# Data shown
=== Section Start ===

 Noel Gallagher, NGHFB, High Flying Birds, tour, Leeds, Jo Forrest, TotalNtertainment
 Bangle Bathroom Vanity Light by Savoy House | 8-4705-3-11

=== Section End ===
=== Section Start ===

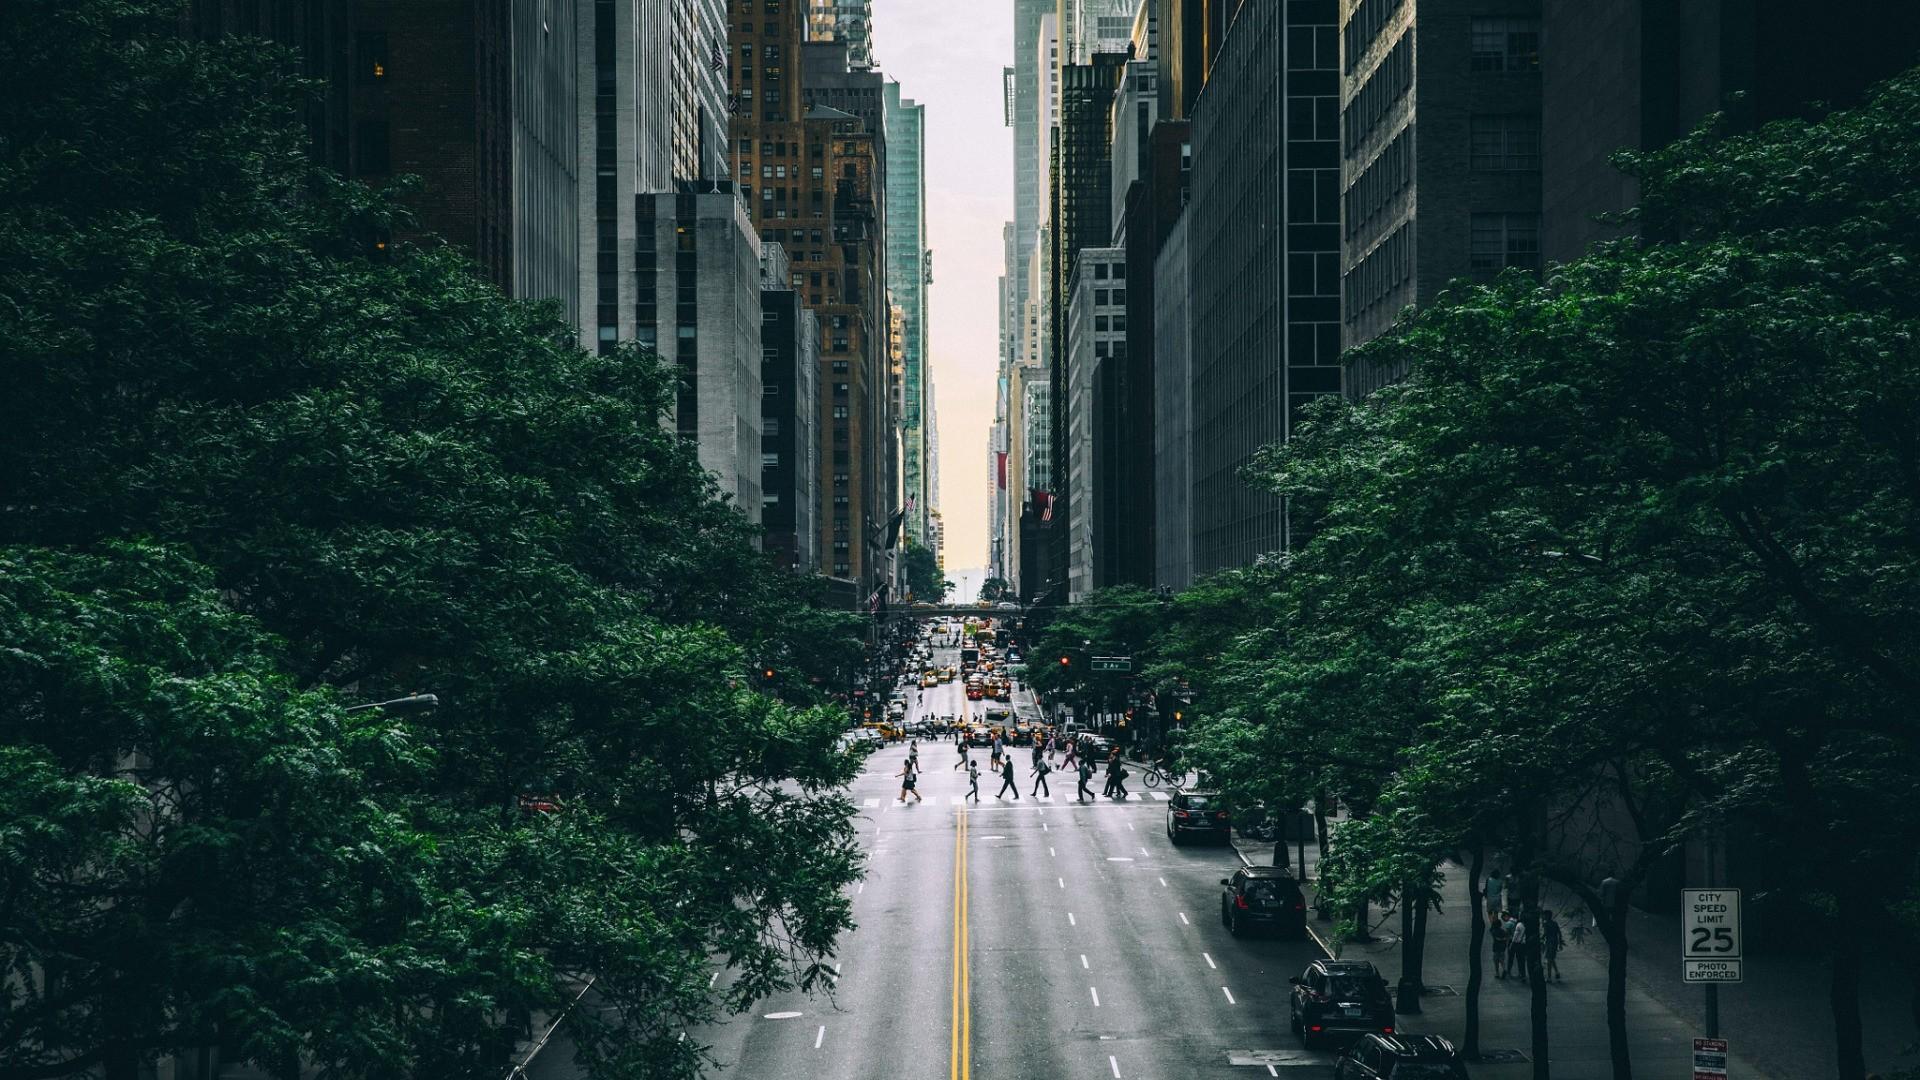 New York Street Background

=== Section End ===

# Your objective
Look above for the line with "Noel Gallagher, NGHFB, High" and the line with "Bangle Bathroom Vanity", and reproduce exactly those two lines plus every line between, nothing more.

# Your response
 Noel Gallagher, NGHFB, High Flying Birds, tour, Leeds, Jo Forrest, TotalNtertainment
 Bangle Bathroom Vanity Light by Savoy House | 8-4705-3-11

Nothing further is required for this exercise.